## REQUIRED ACTION
Beginning with the line containing "Electronic File Drawing" and ending at the last line of the data, set down every line exactly, leaving out all pictures.

## INPUT DATA
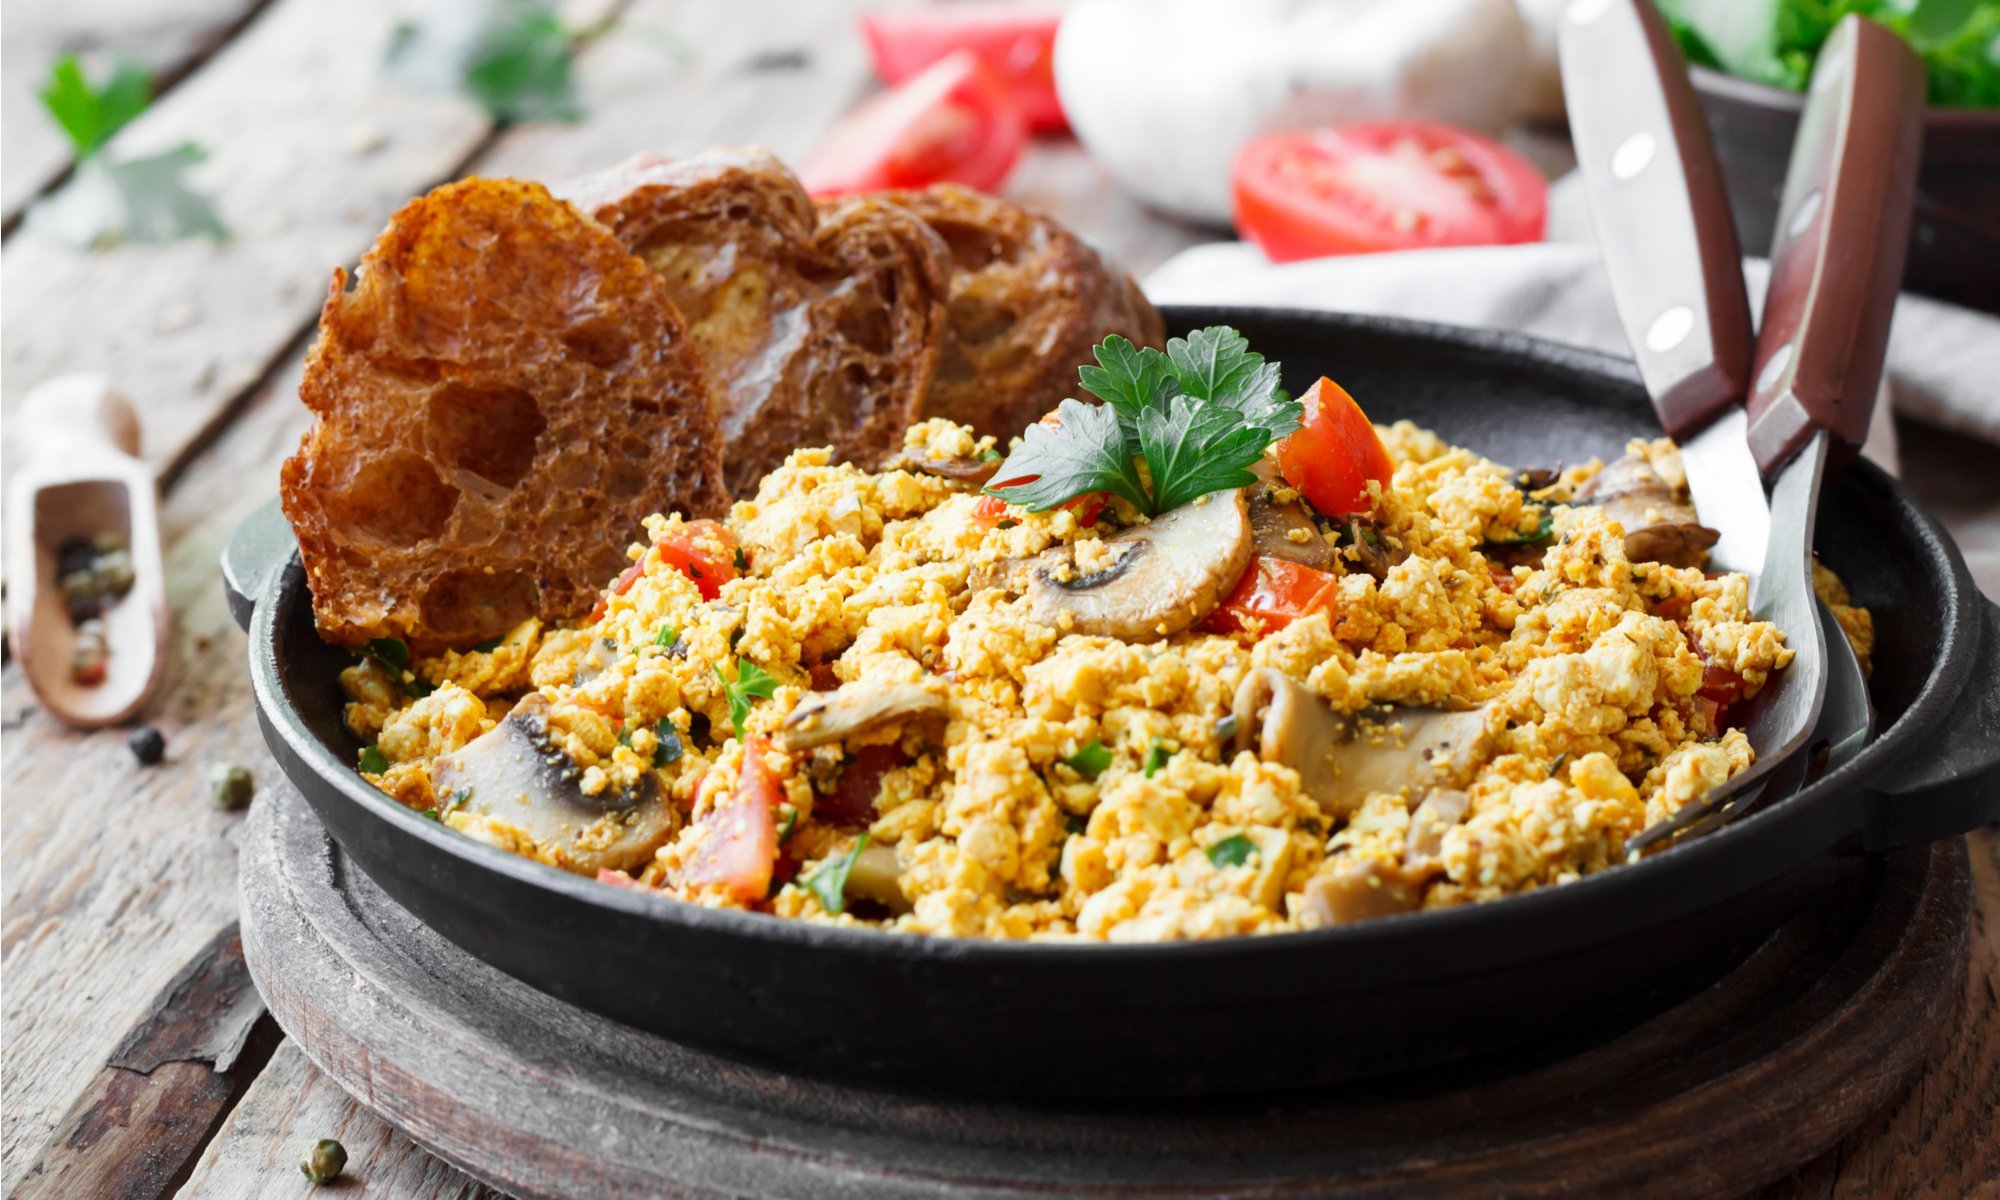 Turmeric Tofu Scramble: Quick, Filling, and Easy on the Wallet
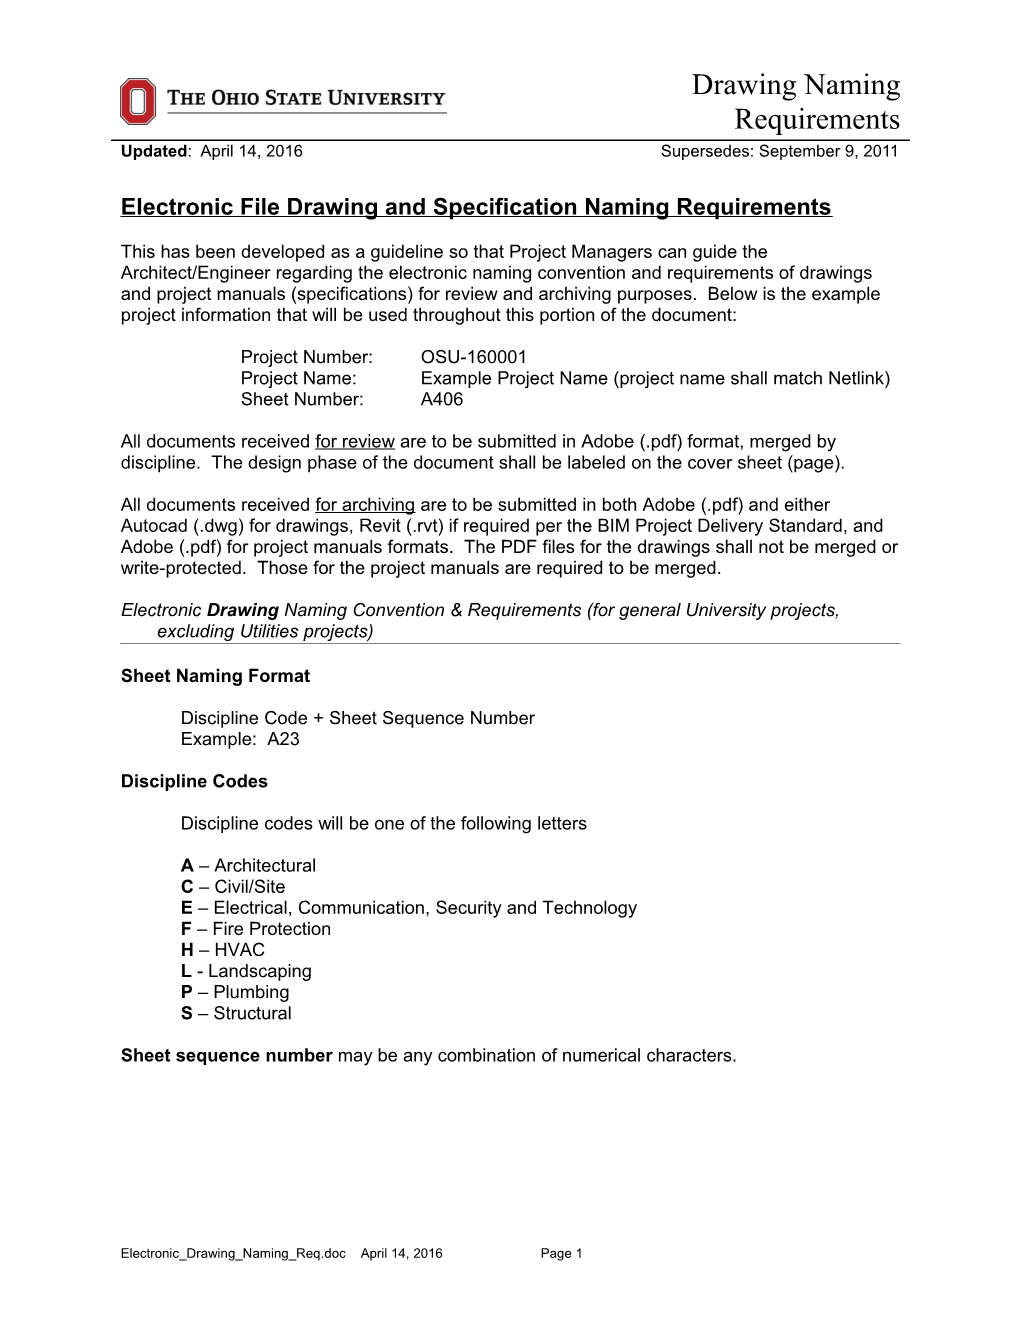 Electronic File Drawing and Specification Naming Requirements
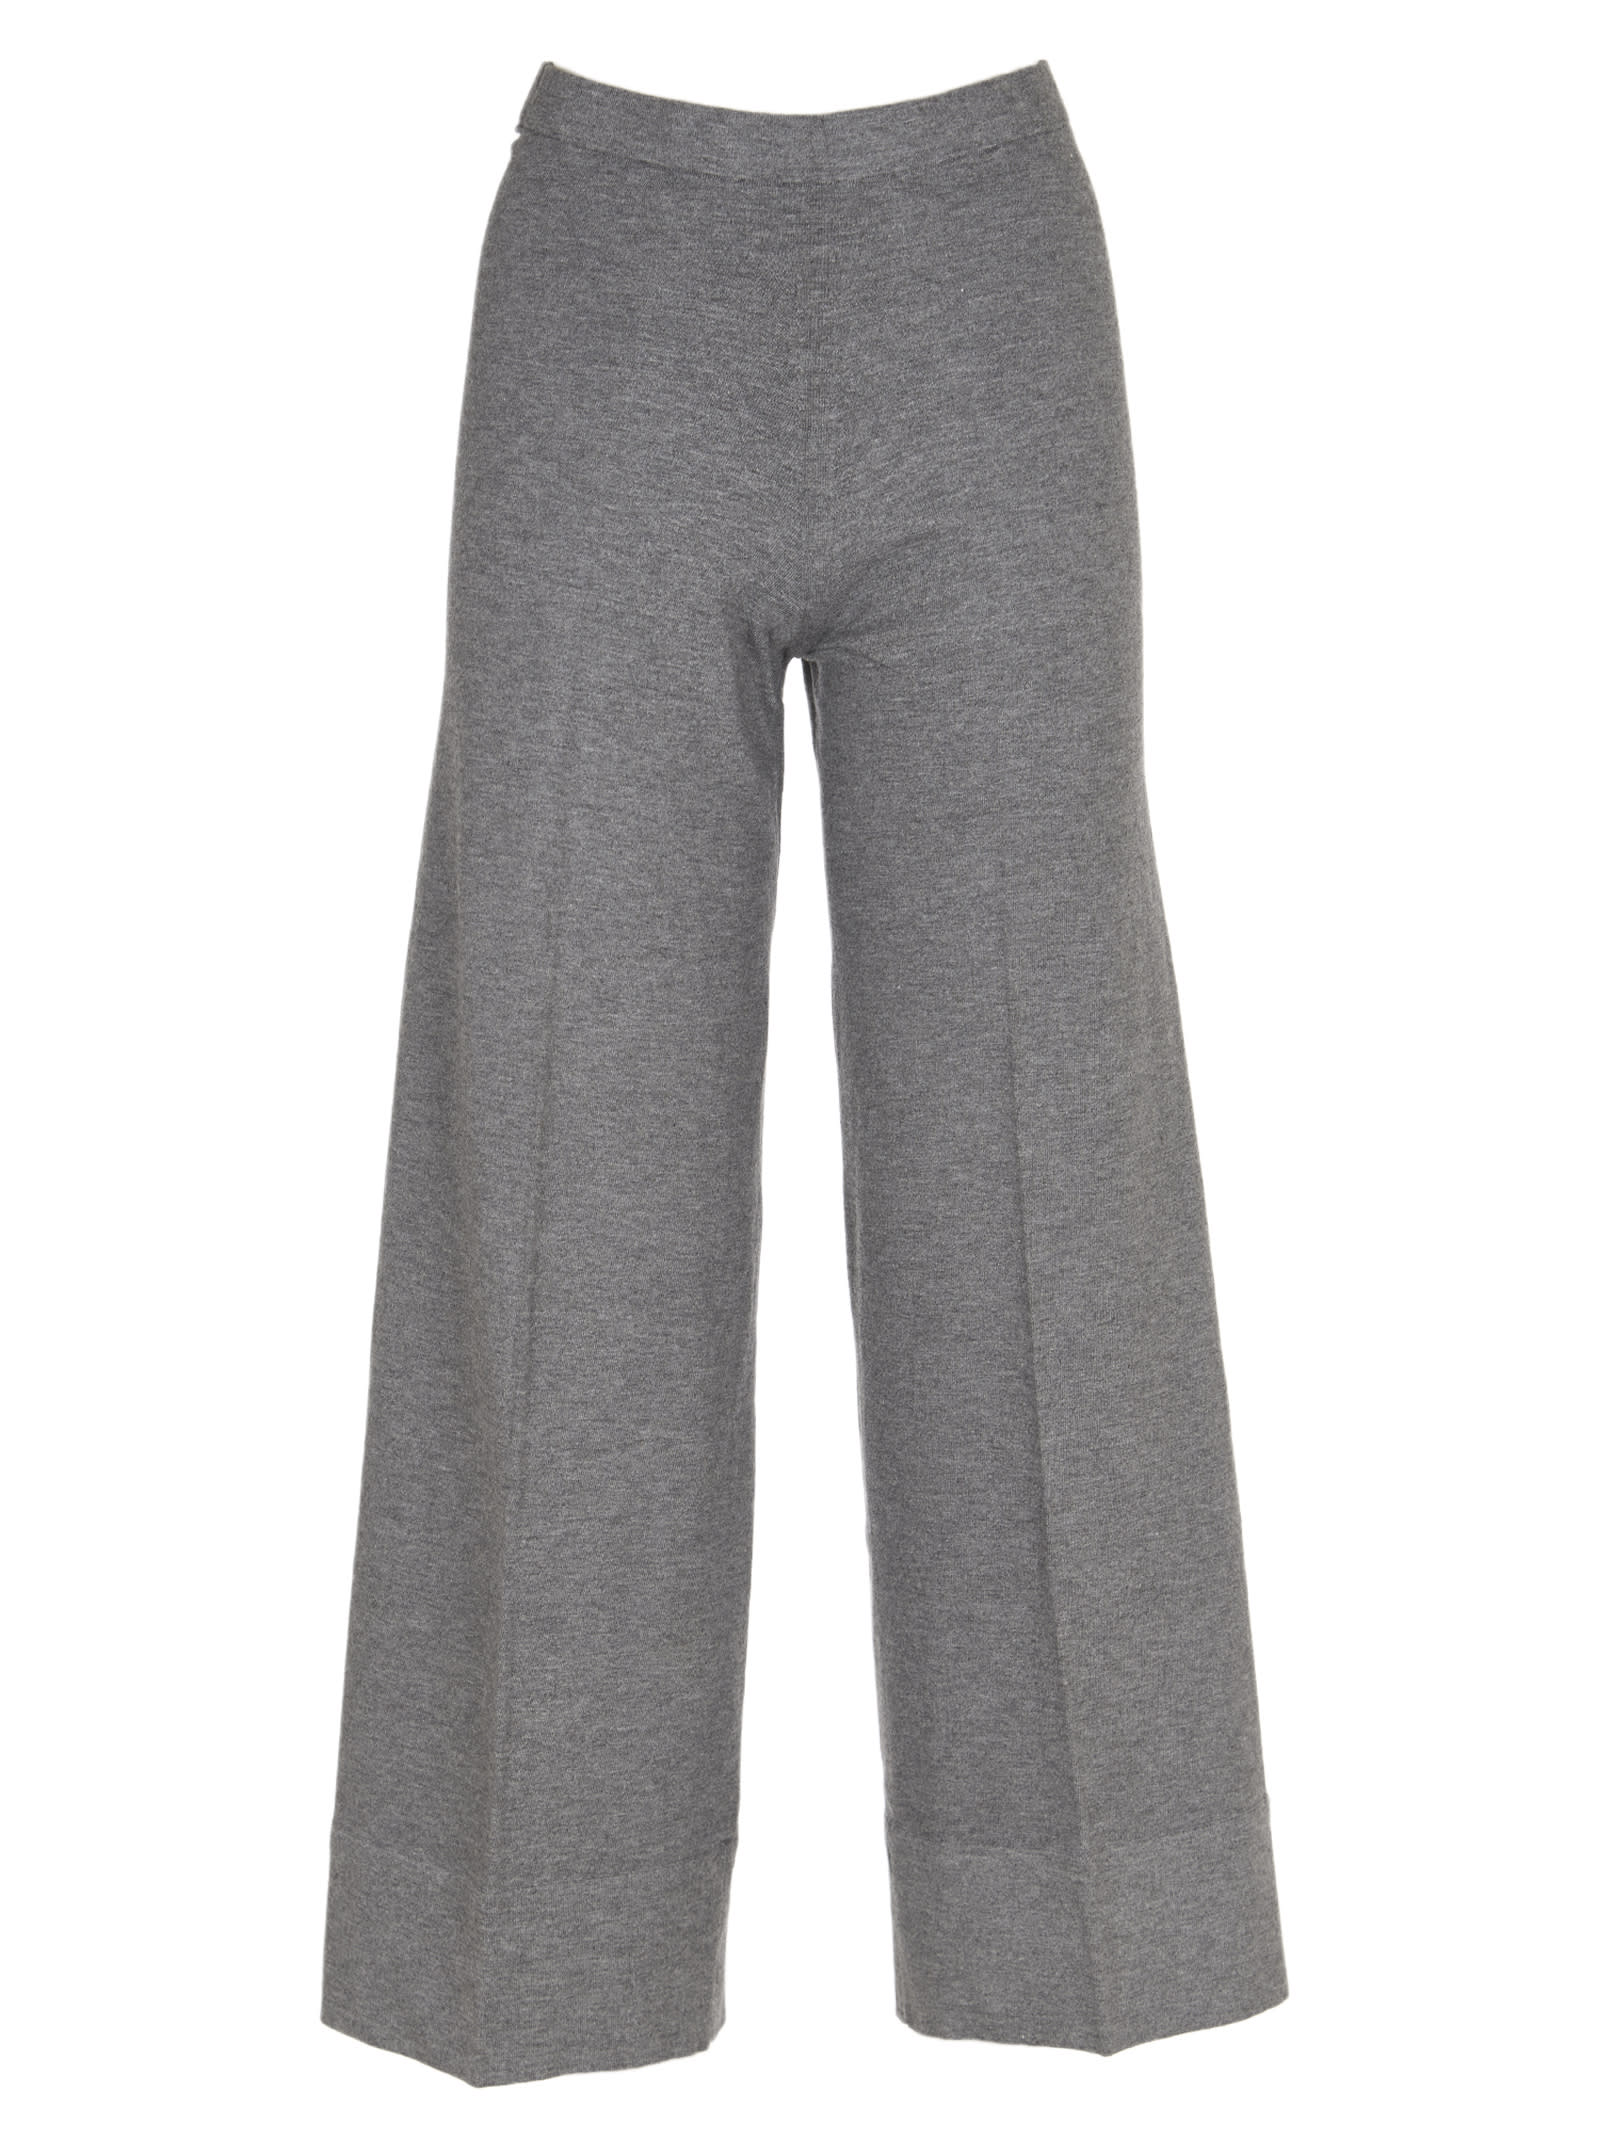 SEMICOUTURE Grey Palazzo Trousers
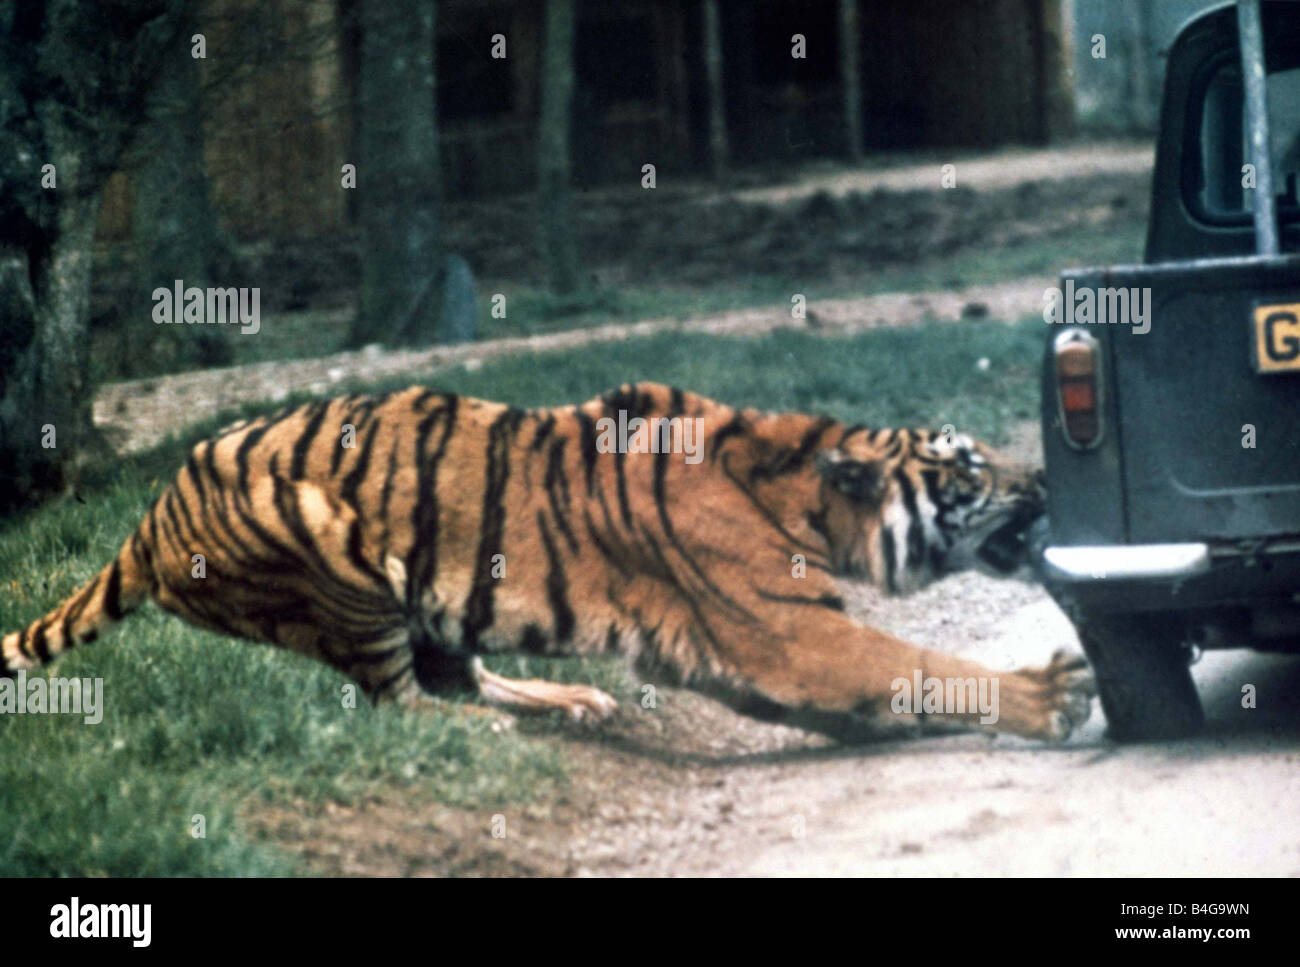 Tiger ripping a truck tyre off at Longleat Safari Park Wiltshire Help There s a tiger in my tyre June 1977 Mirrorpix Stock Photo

## RESULT OF THIS TASK
 Electronic File Drawing and Specification Naming Requirements
 SEMICOUTURE Grey Palazzo Trousers
 Tiger ripping a truck tyre off at Longleat Safari Park Wiltshire Help There s a tiger in my tyre June 1977 Mirrorpix Stock Photo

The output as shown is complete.